We did not perform specific IgE testing in our patients, nevertheless, performing these in vivo or in vitro tests especially in young children may have little benefit. On the other hand, it was performed in a center which was specialized for children with allergic diseases. The diagnostic procedures and the longitudinal follow-up of the patients were made by pediatric allergy specialists. Our study is one of the few childhood studies that provide unique data about children with unusual or “exaggerated” reactions after mosquito bites. Its prospective and controlled design, along with a fairly large number of participants, are other superiorities.

Conclusion

In conclusion, our results indicate that the role of commercially available tests in diagnosing children with mosquito hypersensitivity is limited. There is an association between unusual, large, local, or exaggerated reactions after mosquito bites and allergic diseases in children. The severity of reactions increases with age and particularly in children with atopic background.

Conflict of Interest

The authors declare no potential conflicts of interest with respect to research, authorship, and/or publication of this article.

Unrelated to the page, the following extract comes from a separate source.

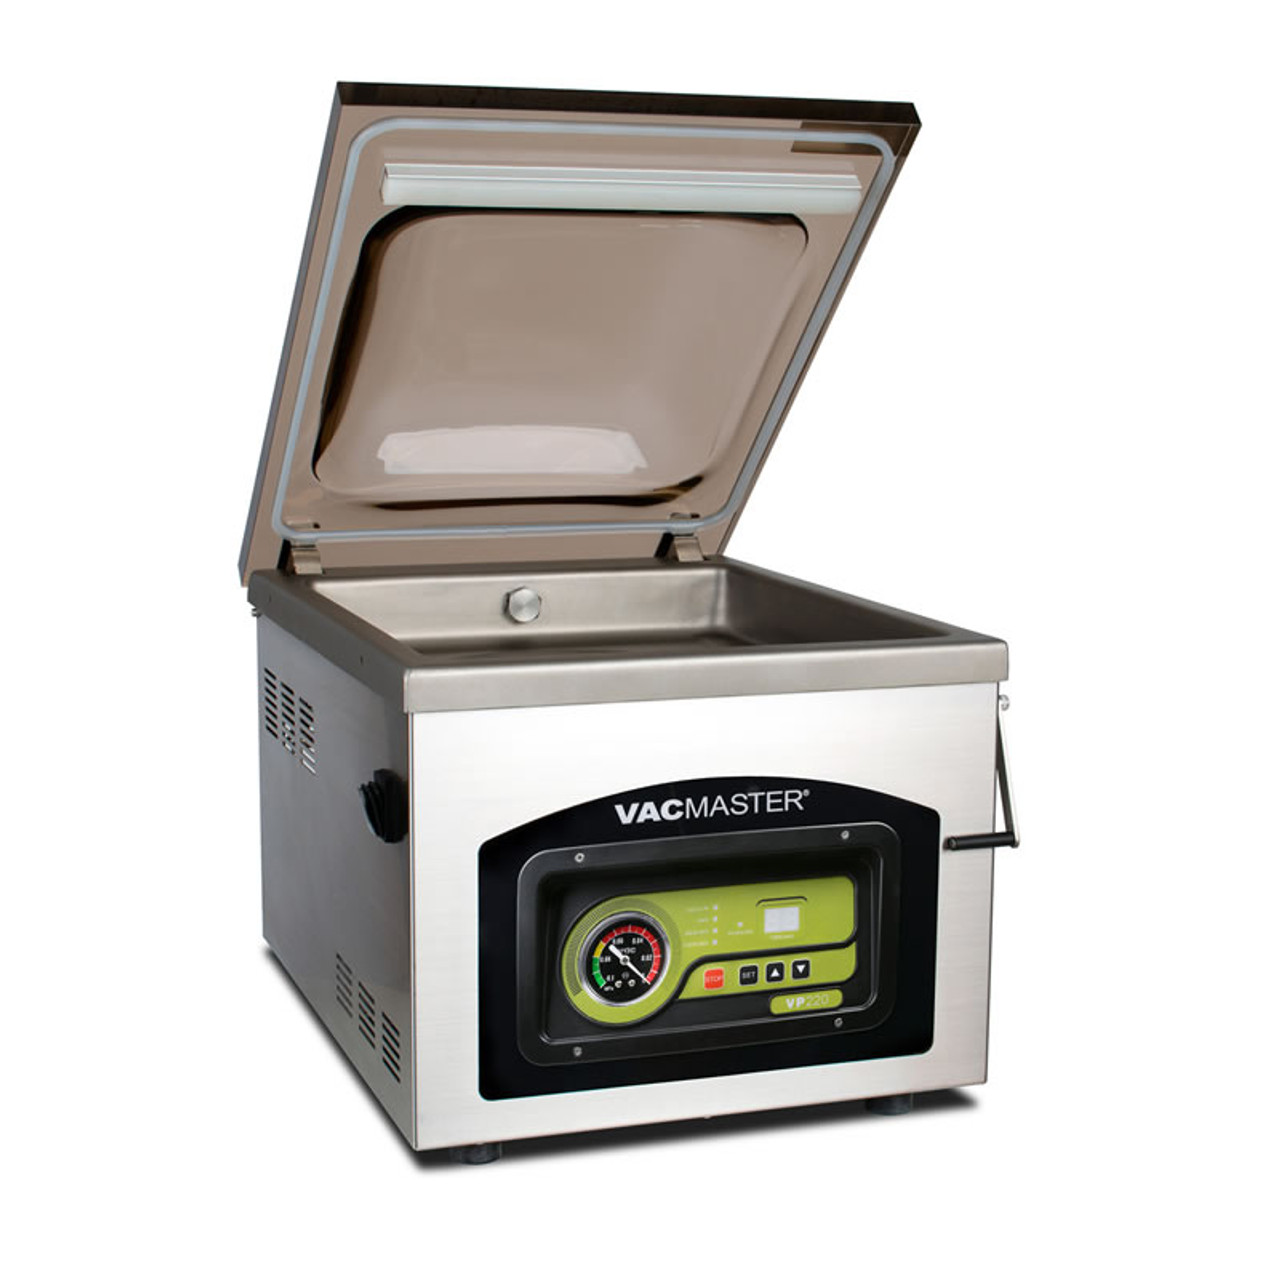 Vacmaster VP215 Chamber Vacuum Sealer

The authors warrant that the article is original, does not infringe upon any copyright or other proprietary right of any third party, is not under consideration by any other journal, and has not been previously published.

The authors confirm that they have reviewed and approved the final version of the manuscript. The requirements for authorship have been met by each listed author.

We report that there is no potential conflict of interest.

The authors declare that there is no funding for the study.